Читать книгу Extreme Nature - Mark Carwardine - Страница 31
Most sensitive slasher
ОглавлениеNAME | sawfish Pristis species |
LOCATION | shallow, warm coastal waters |
ABILITY | using its saw for slashing and sifting |
© Marty Snyderman/imagequest3d.com
A sawfish has external teeth, set around a sensitive, flat snout – the saw, or rostrum (here shown from the underside). Swung from side to side, the saw can be used as a powerful weapon to slash shoaling fish such as mullet and herring, which it then eats off the sea-bottom. Generally speaking, though, the sawfish is a slow and peaceable animal, spending its time in shallow, muddy water, raking the mud with its saw for crustaceans and other prey. The saw-teeth get worn by all this grubbing, but they grow continuously from their bases and so don’t wear out.
Like its close relatives, the rays, it’s perfectly camouflaged against the bottom of the sea, and like its more distant relatives, the sharks, it swims in an undulating way. And like both groups, its hard bits are cartilage, not bone, and its teeth are adapted scales. It has another similarity. Using special cells, the ‘ampullae of Lorenzini’, on its saw and head, it can detect electrical fields generated by prey.

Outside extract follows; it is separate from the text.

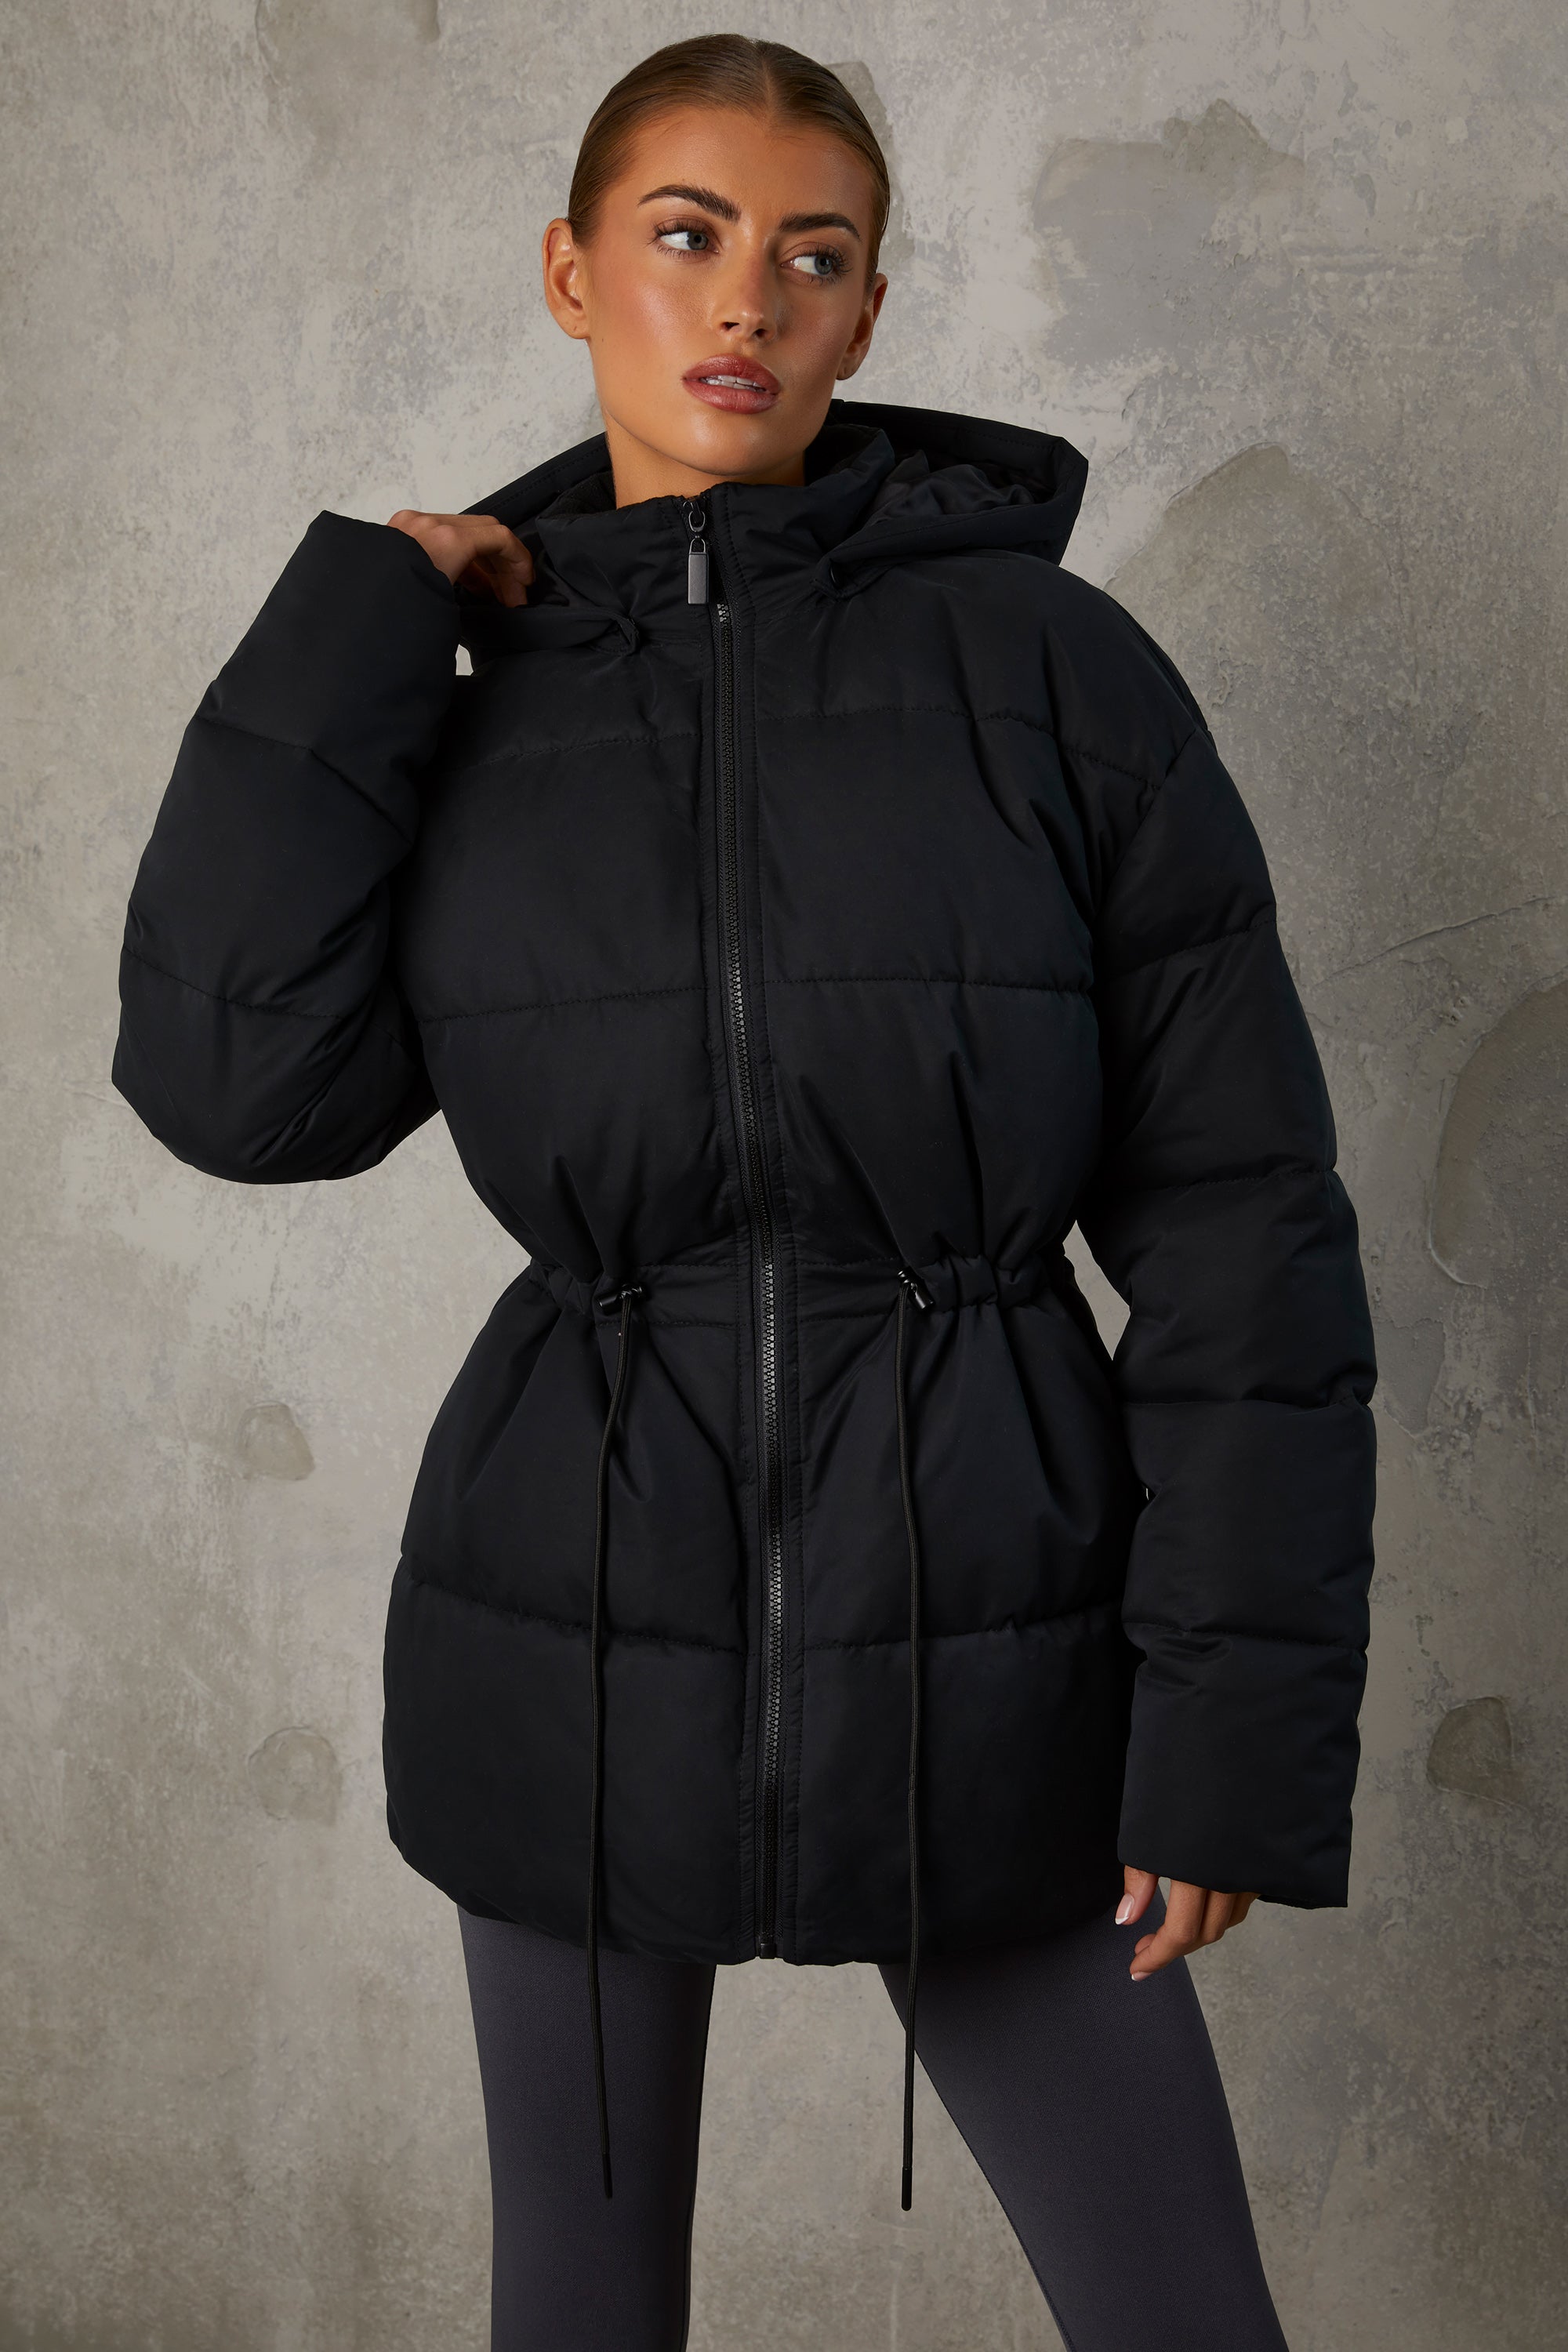 Hooded Puffer Jacket - Black - Ladies

One problem for females is that they give birth to live saw-babies. But a youngster’s saw is covered with a sheath to make birth relatively painless. A much greater problem for all sawfish (possibly seven species) is the fact that their coastal waters are being polluted and developed and that they have been overfished to the point where all are endangered, some critically. A sawfish’s saw is also its downfall. Not only has it been sought after as a trophy, but it also fatally entangles the fish in nets.